TASK TO COMPLETE
All the lines below should appear again unchanged, though their pictures should not.

RAW DATA

=== Section Start ===

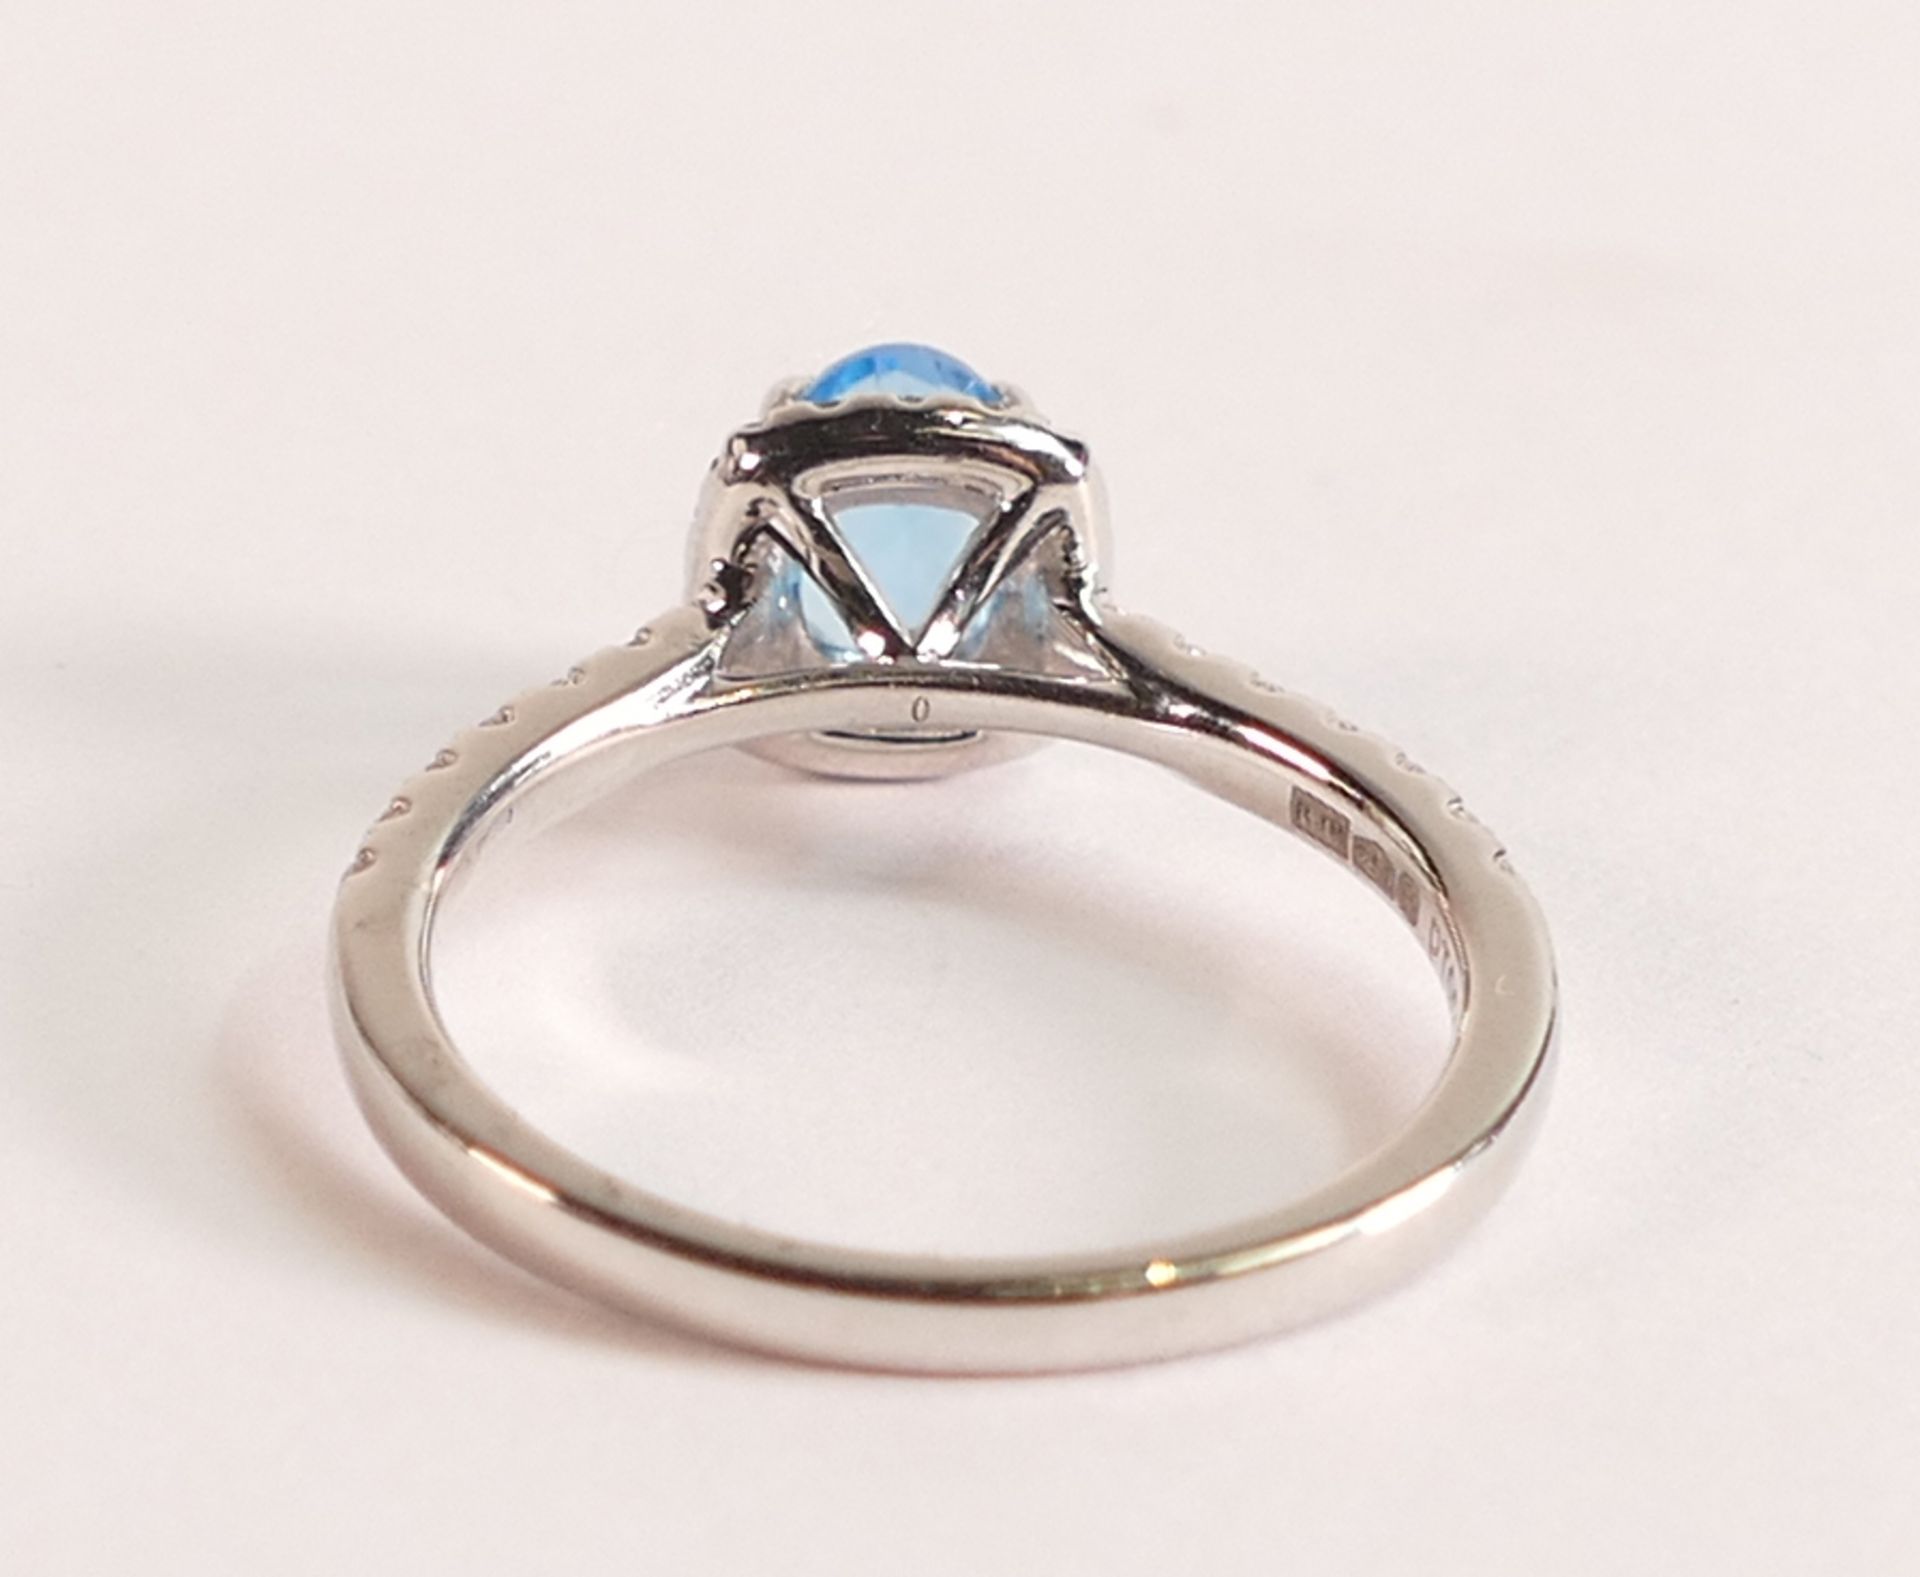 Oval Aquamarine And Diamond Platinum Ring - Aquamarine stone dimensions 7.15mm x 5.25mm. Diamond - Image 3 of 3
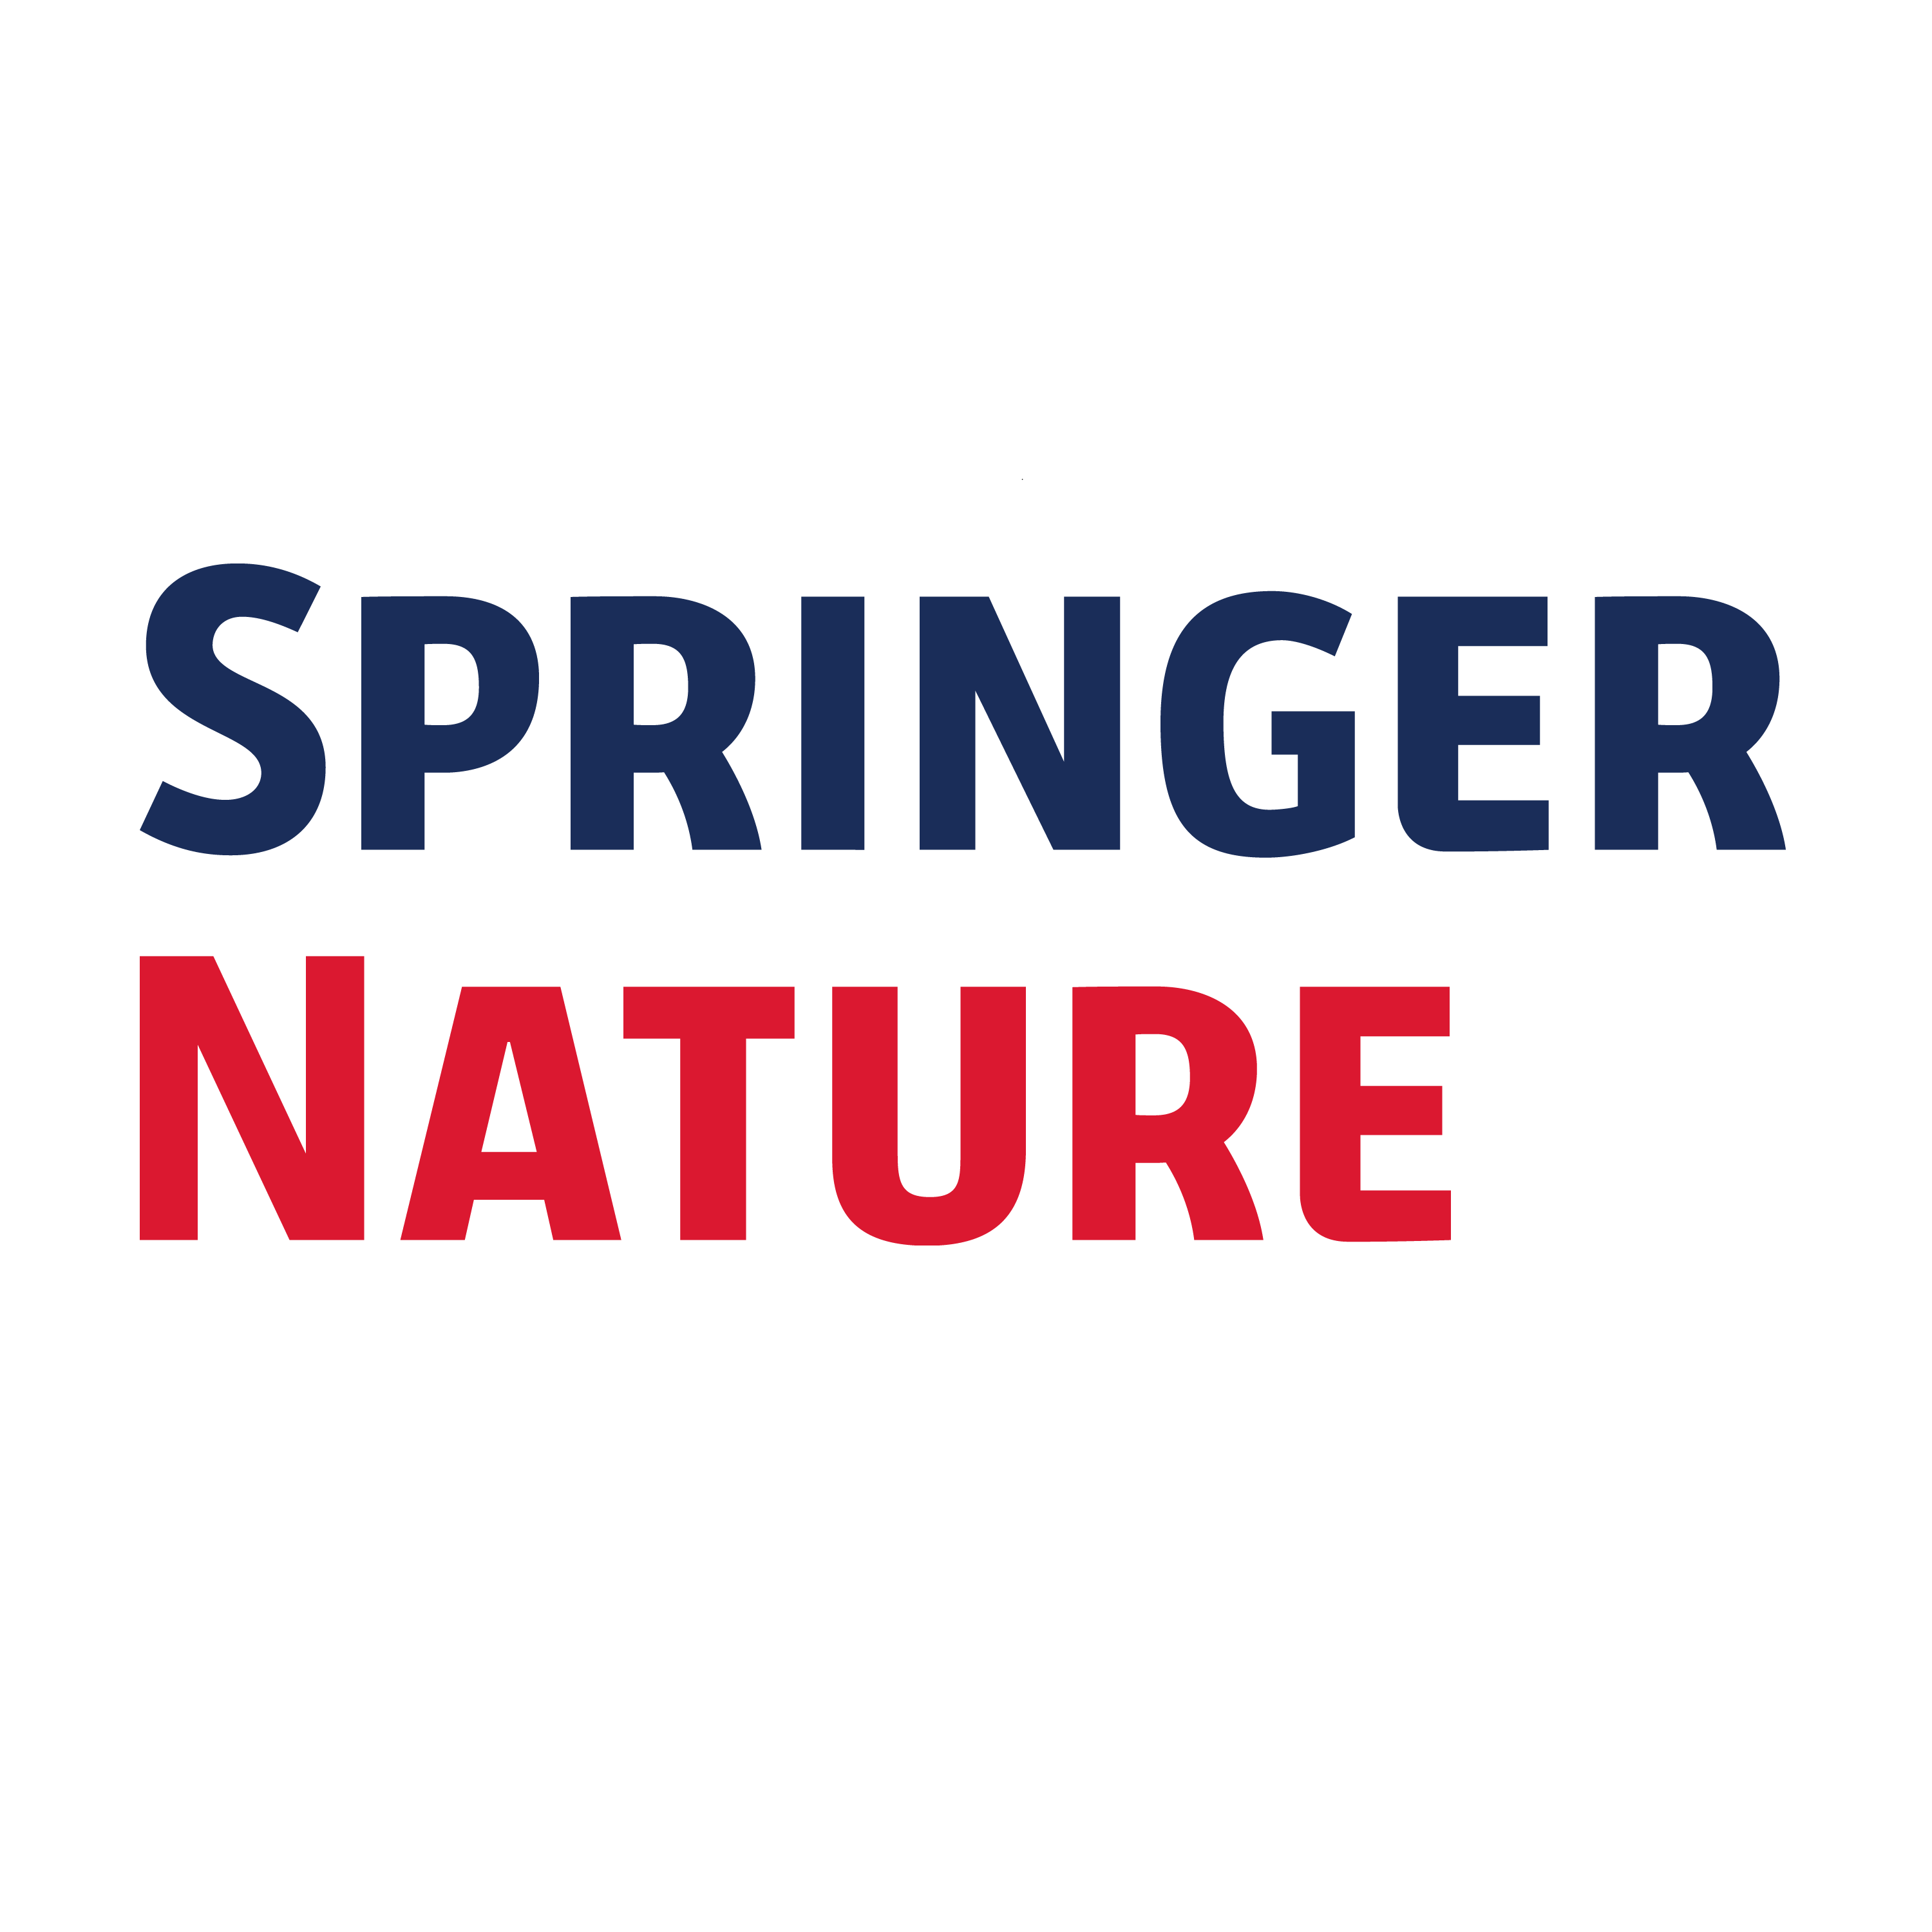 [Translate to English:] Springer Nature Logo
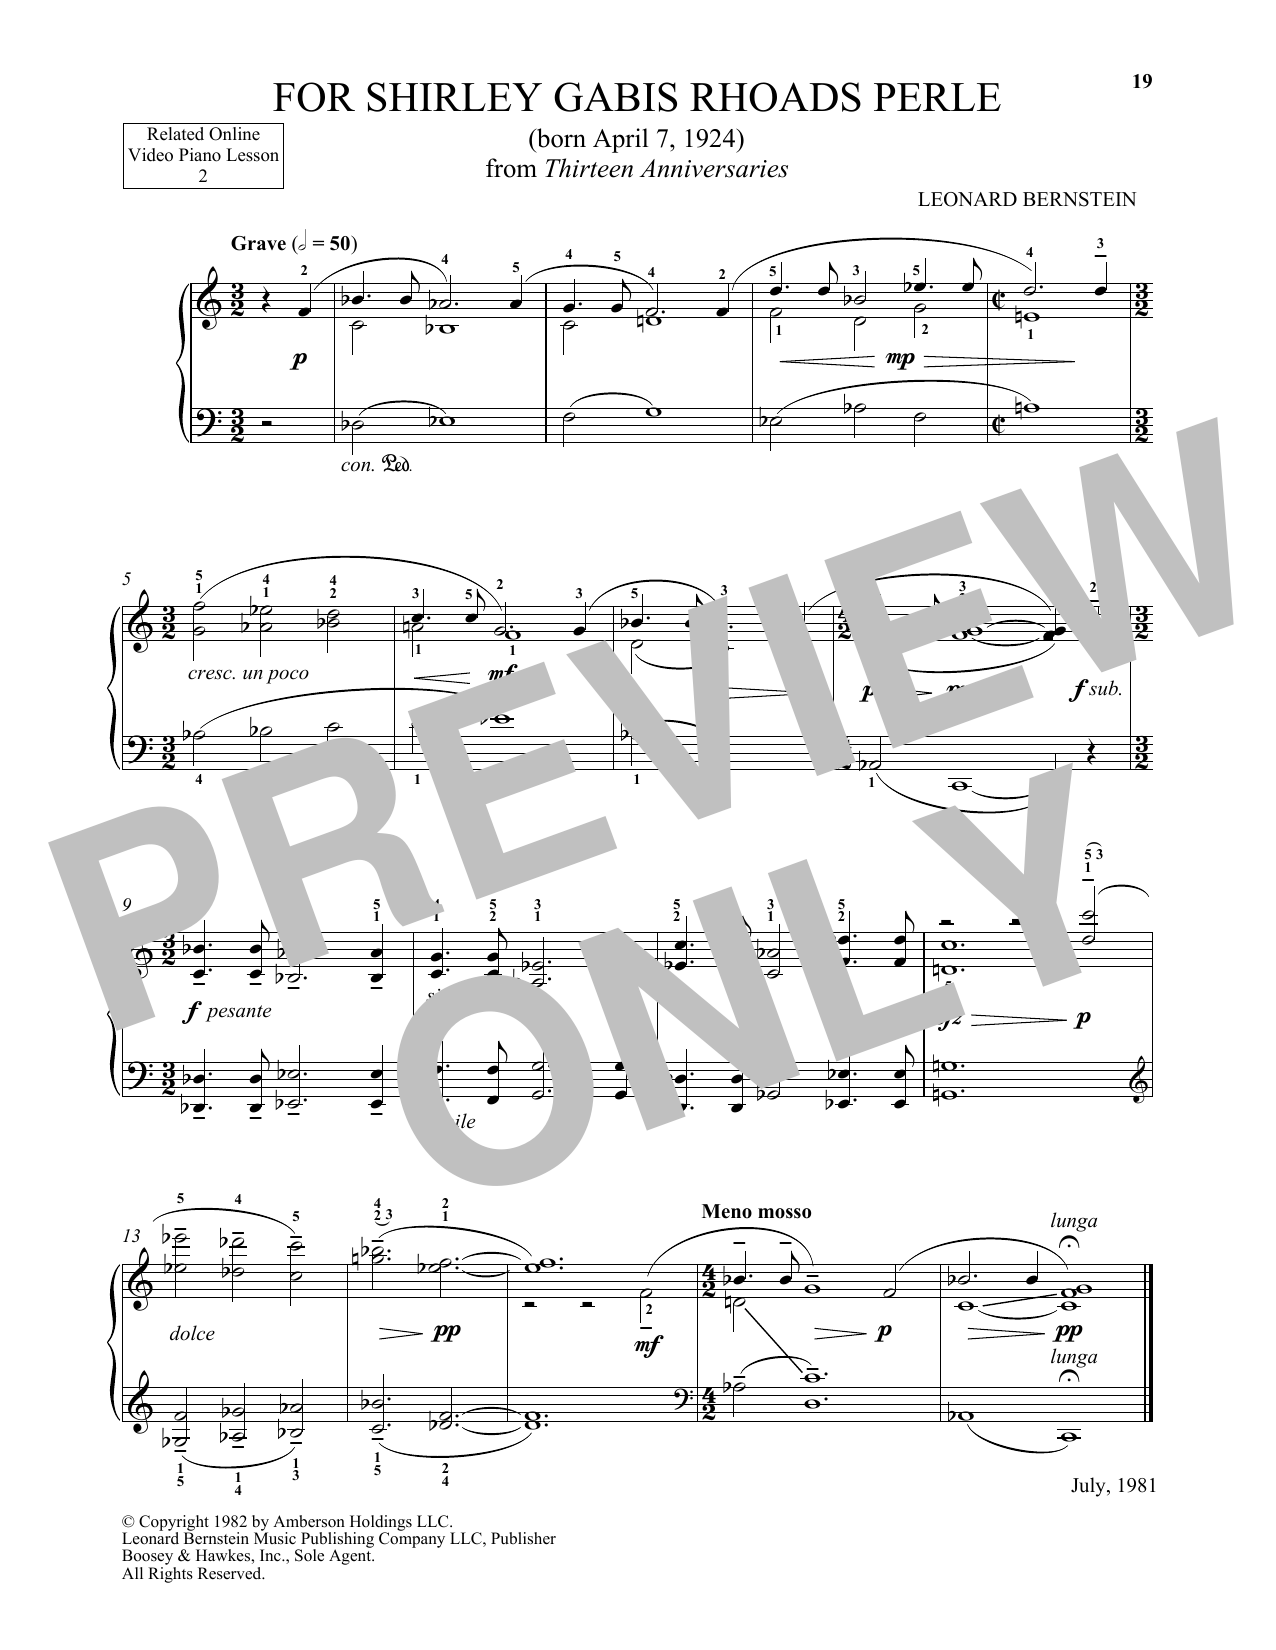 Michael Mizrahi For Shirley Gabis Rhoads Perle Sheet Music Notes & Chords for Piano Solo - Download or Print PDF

=== Section End ===

RESPONSE TO THIS EXERCISE
 Oval Aquamarine And Diamond Platinum Ring - Aquamarine stone dimensions 7.15mm x 5.25mm. Diamond - Image 3 of 3
 [Translate to English:] Springer Nature Logo
 Michael Mizrahi For Shirley Gabis Rhoads Perle Sheet Music Notes & Chords for Piano Solo - Download or Print PDF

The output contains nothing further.